# [Work to be completed]
Pictures do not belong in your copy. Repeat all the other data exactly.
Data below section start
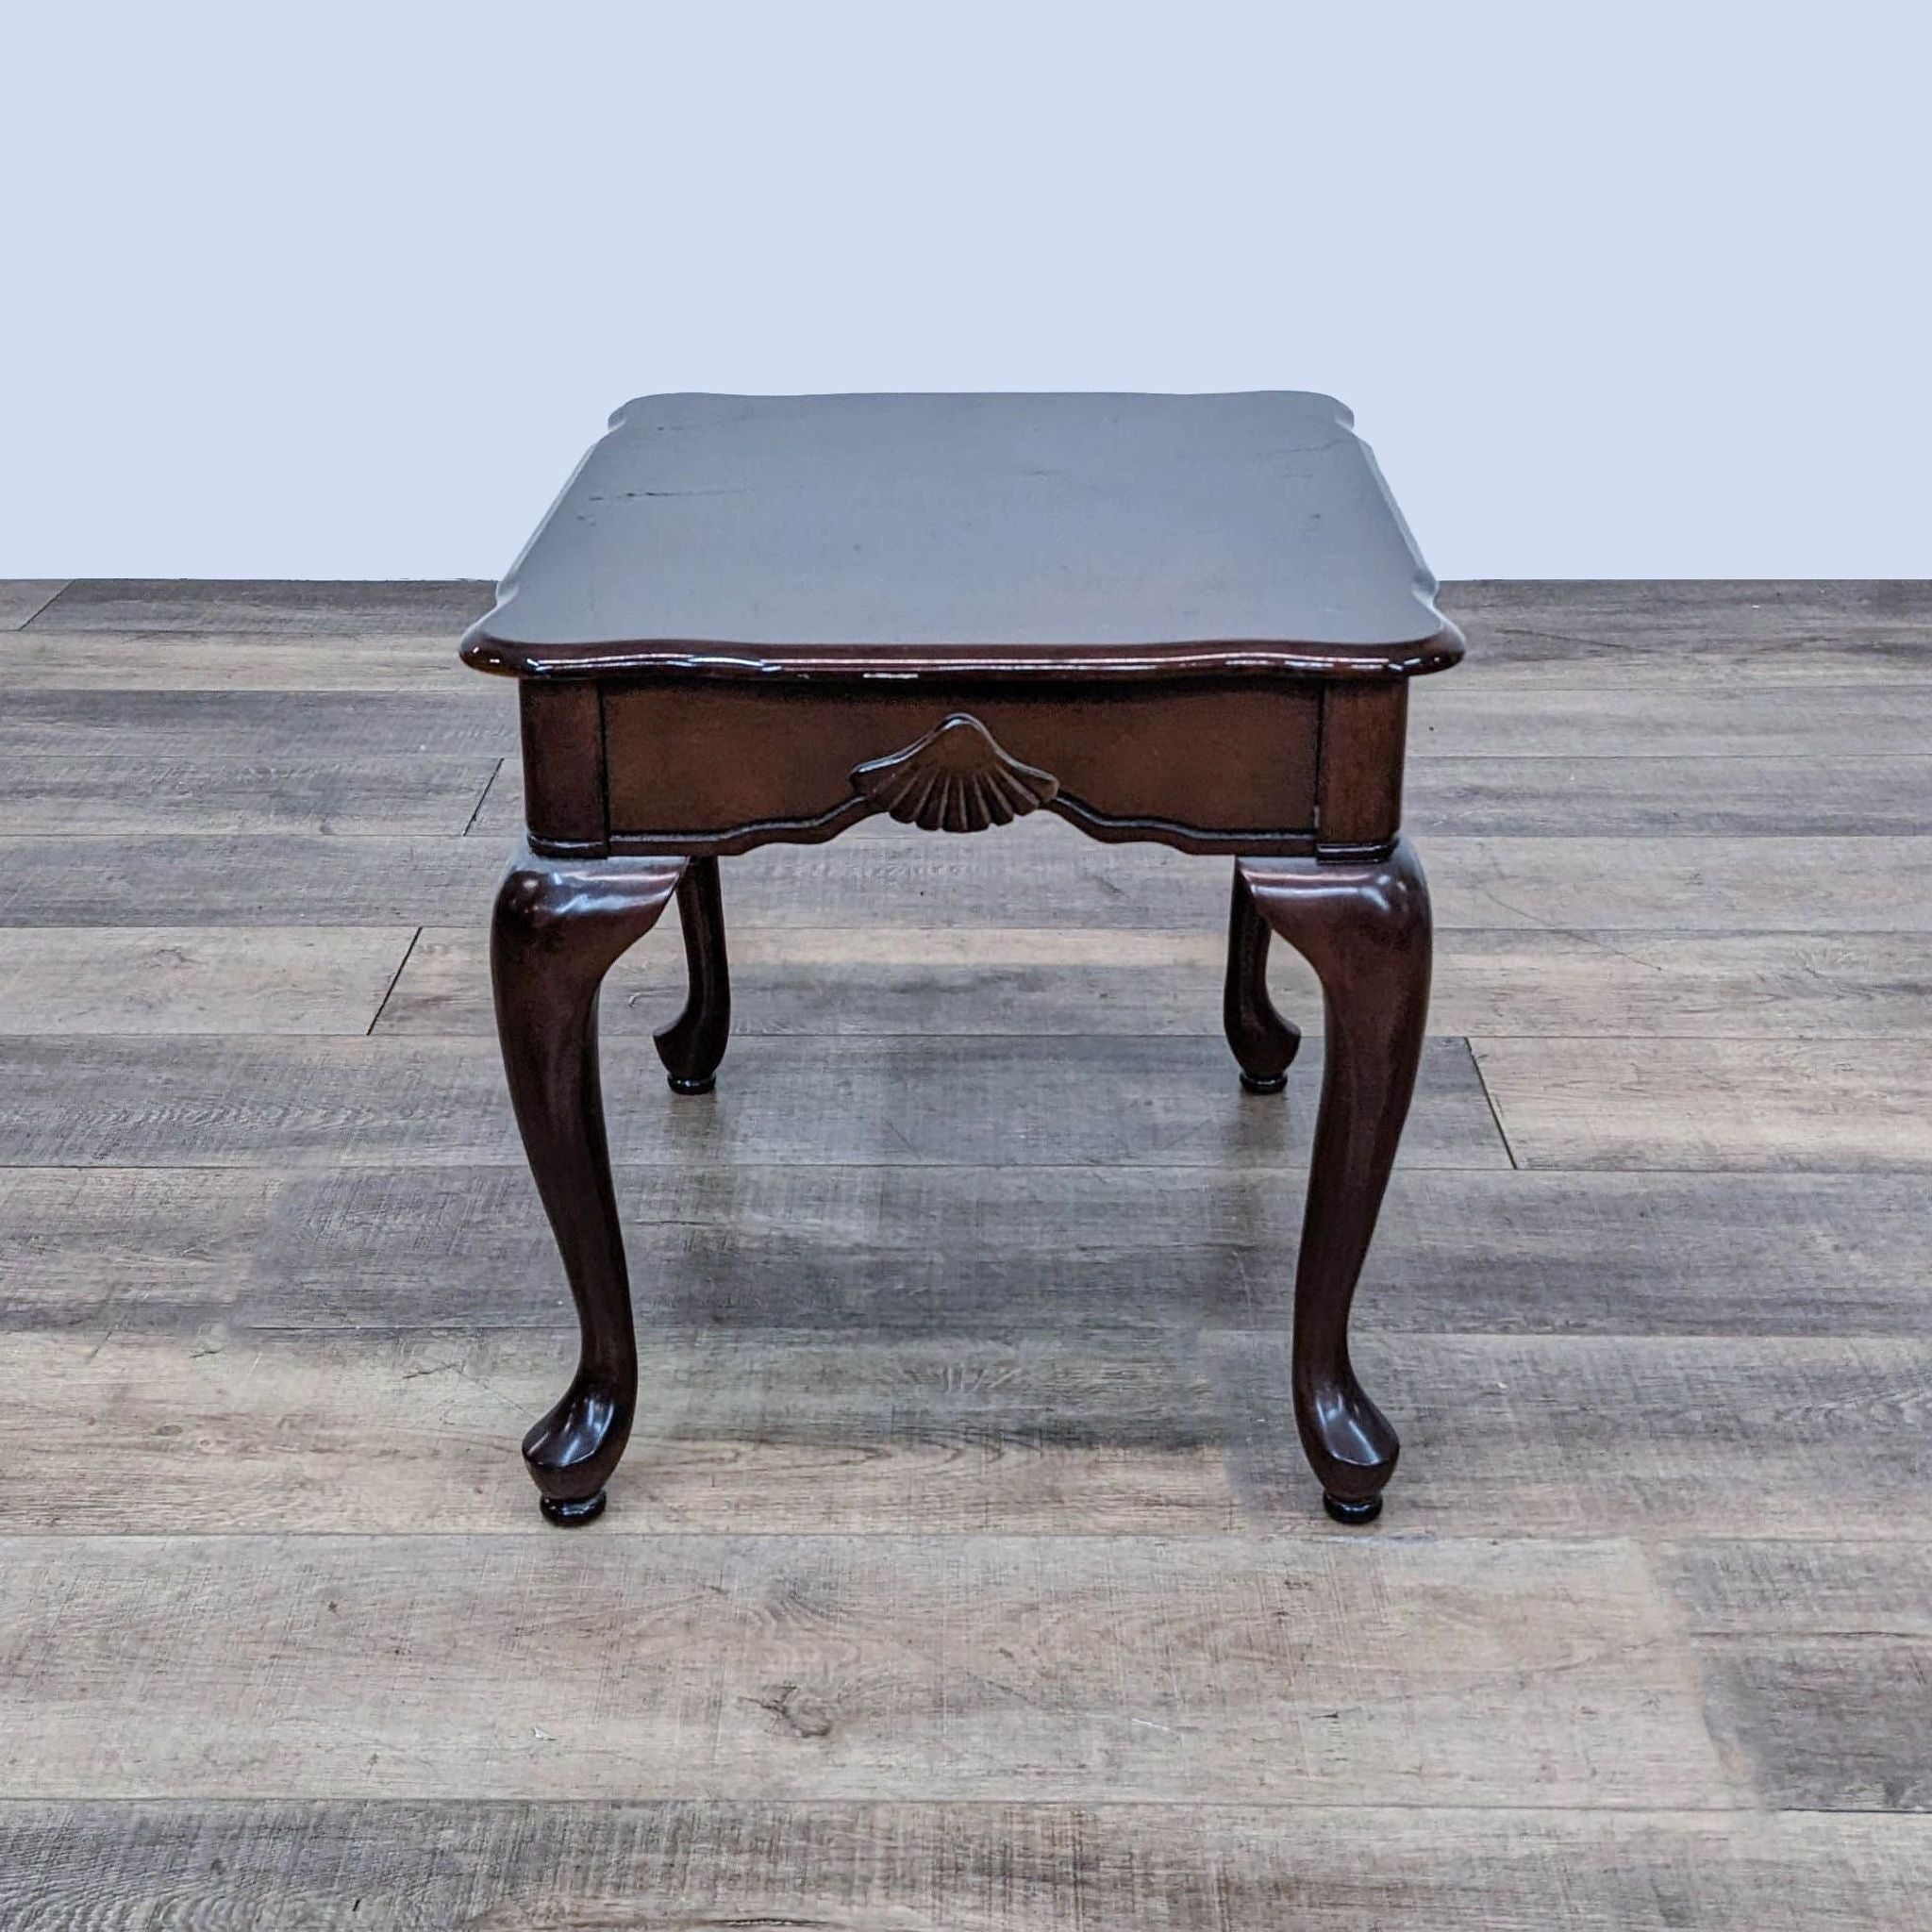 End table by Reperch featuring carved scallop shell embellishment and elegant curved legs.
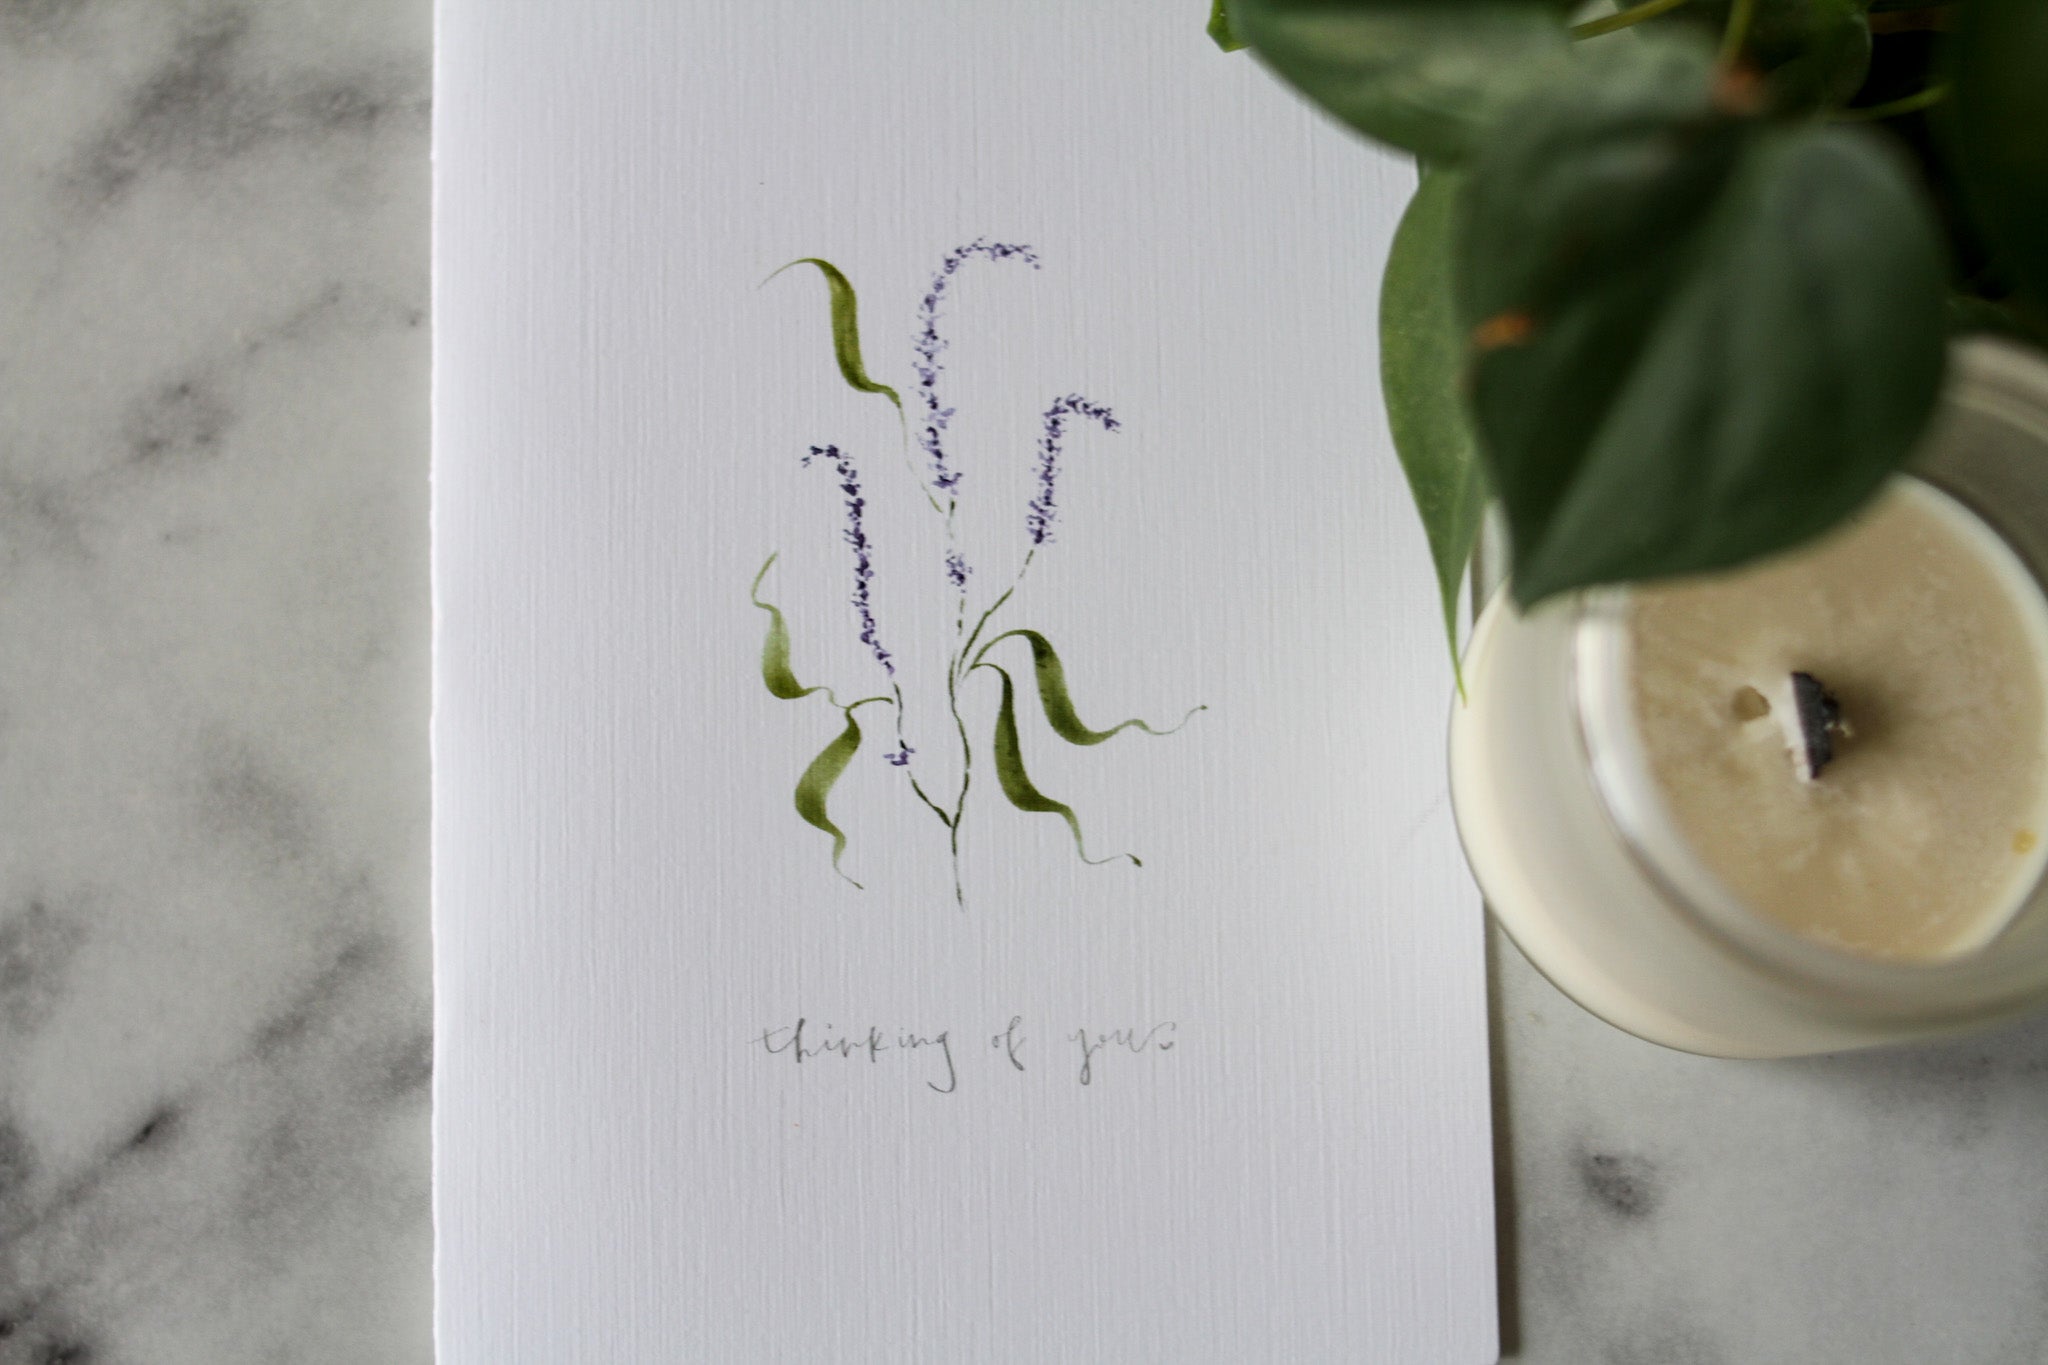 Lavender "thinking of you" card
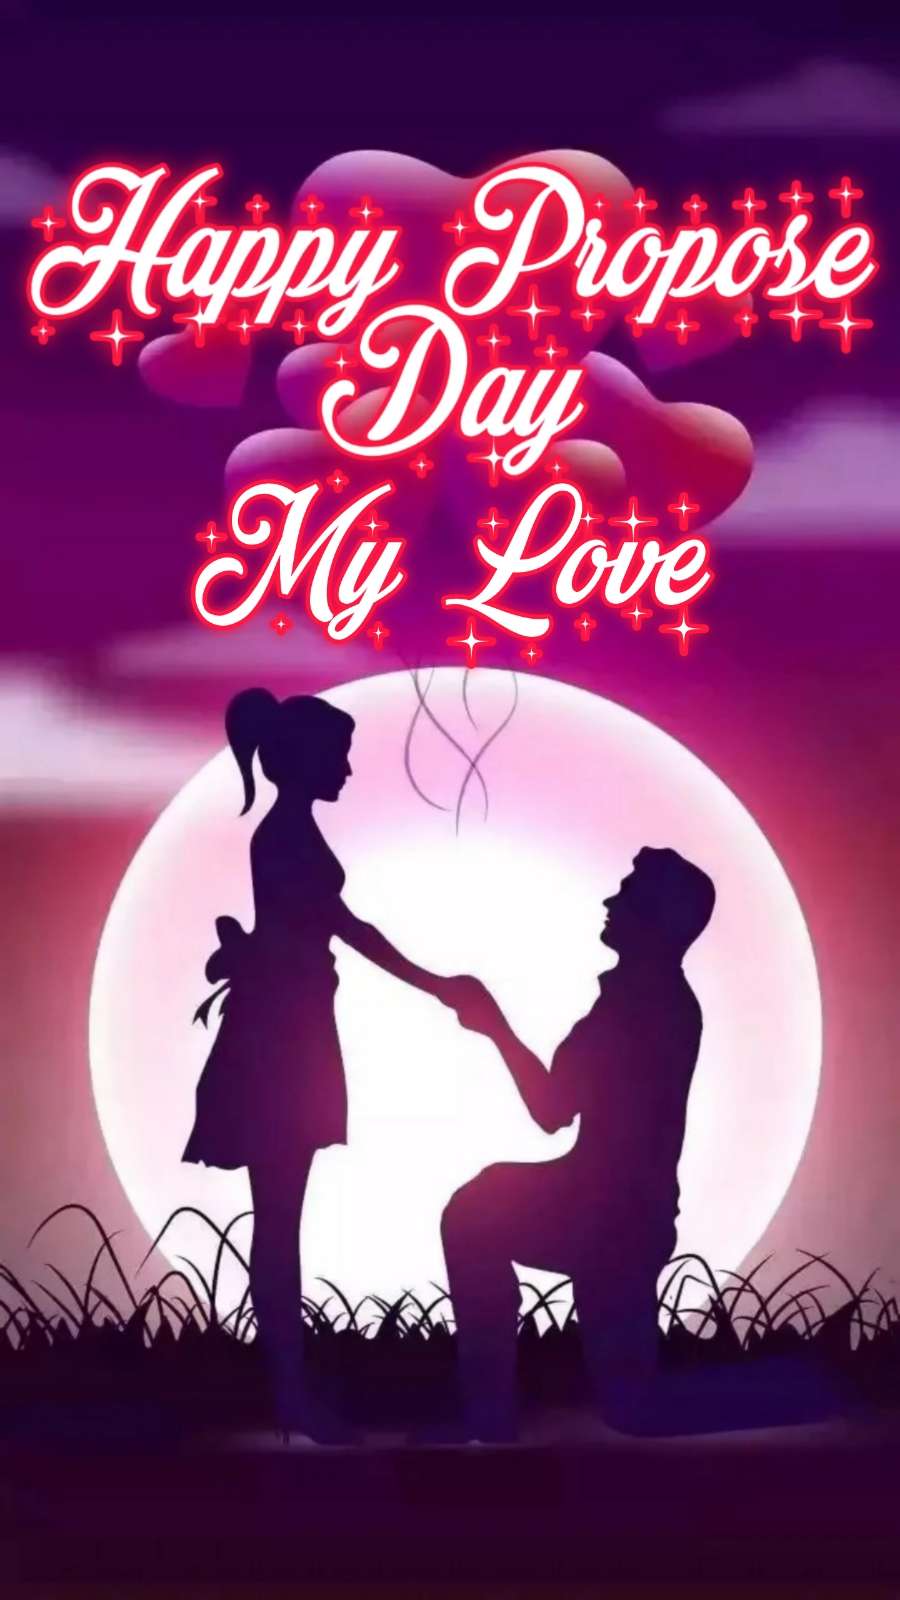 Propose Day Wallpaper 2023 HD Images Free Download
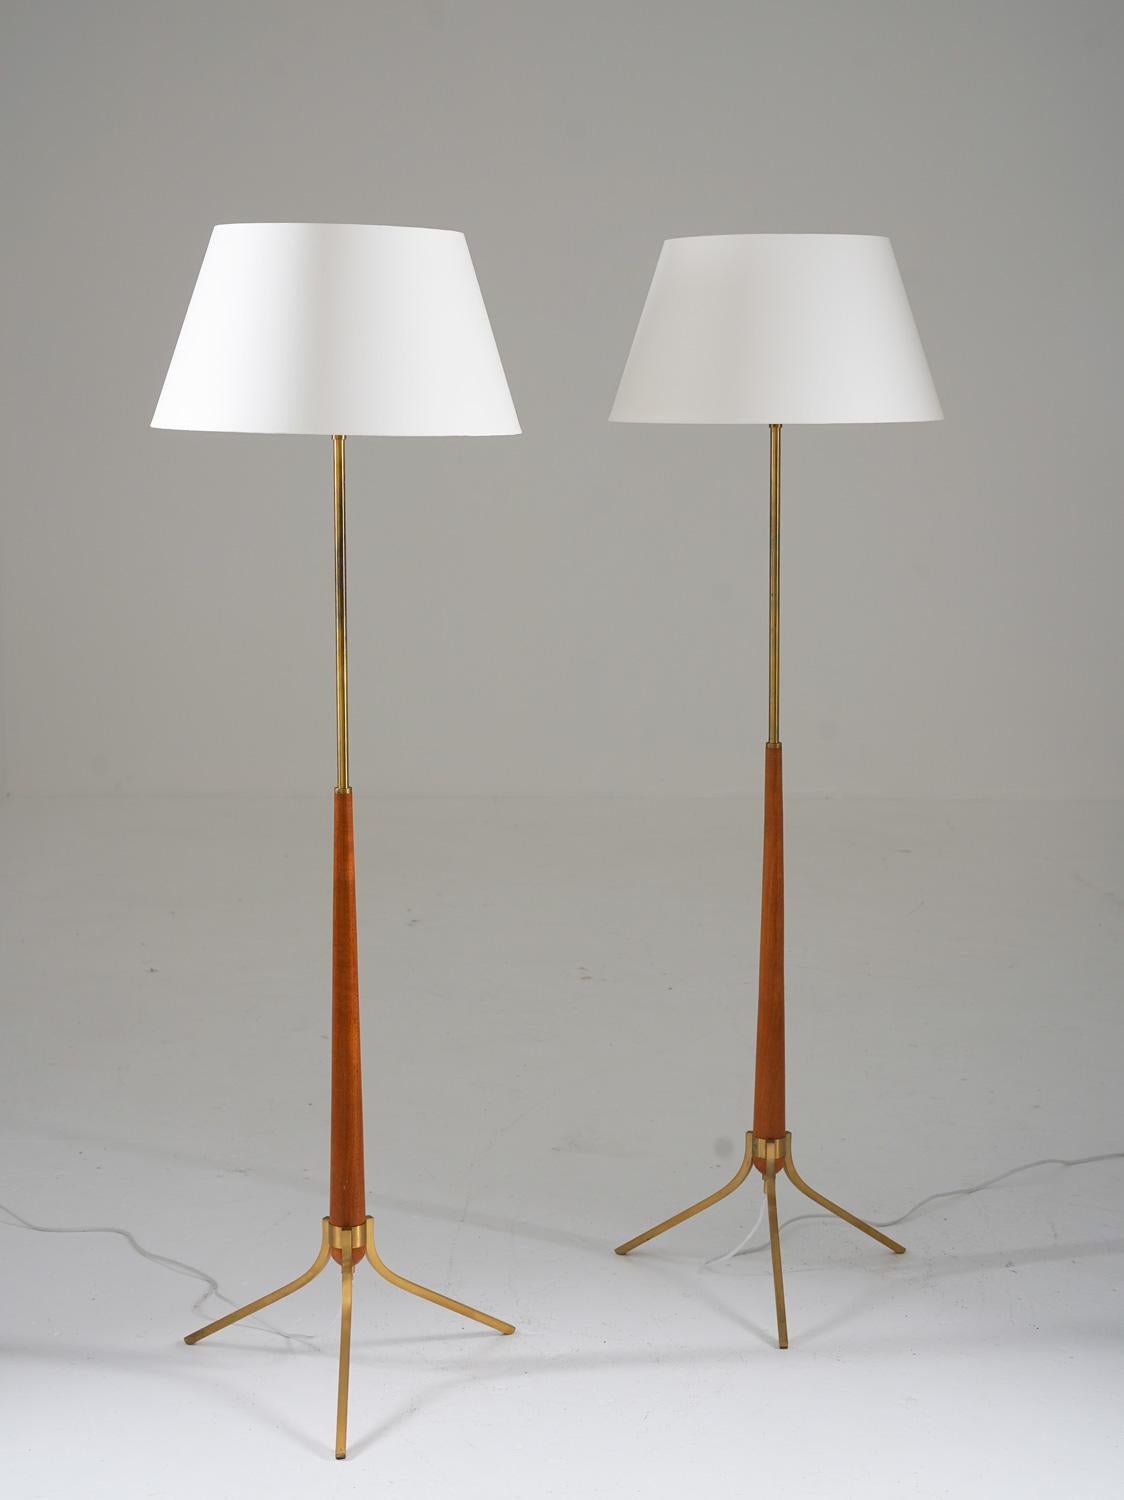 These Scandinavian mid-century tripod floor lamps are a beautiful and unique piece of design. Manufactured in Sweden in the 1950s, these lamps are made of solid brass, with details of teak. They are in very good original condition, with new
Data below section end
# [Output for this exercise]
 End table by Reperch featuring carved scallop shell embellishment and elegant curved legs.
 Lavender "thinking of you" card
 Propose Day Wallpaper 2023 HD Images Free Download
 These Scandinavian mid-century tripod floor lamps are a beautiful and unique piece of design. Manufactured in Sweden in the 1950s, these lamps are made of solid brass, with details of teak. They are in very good original condition, with new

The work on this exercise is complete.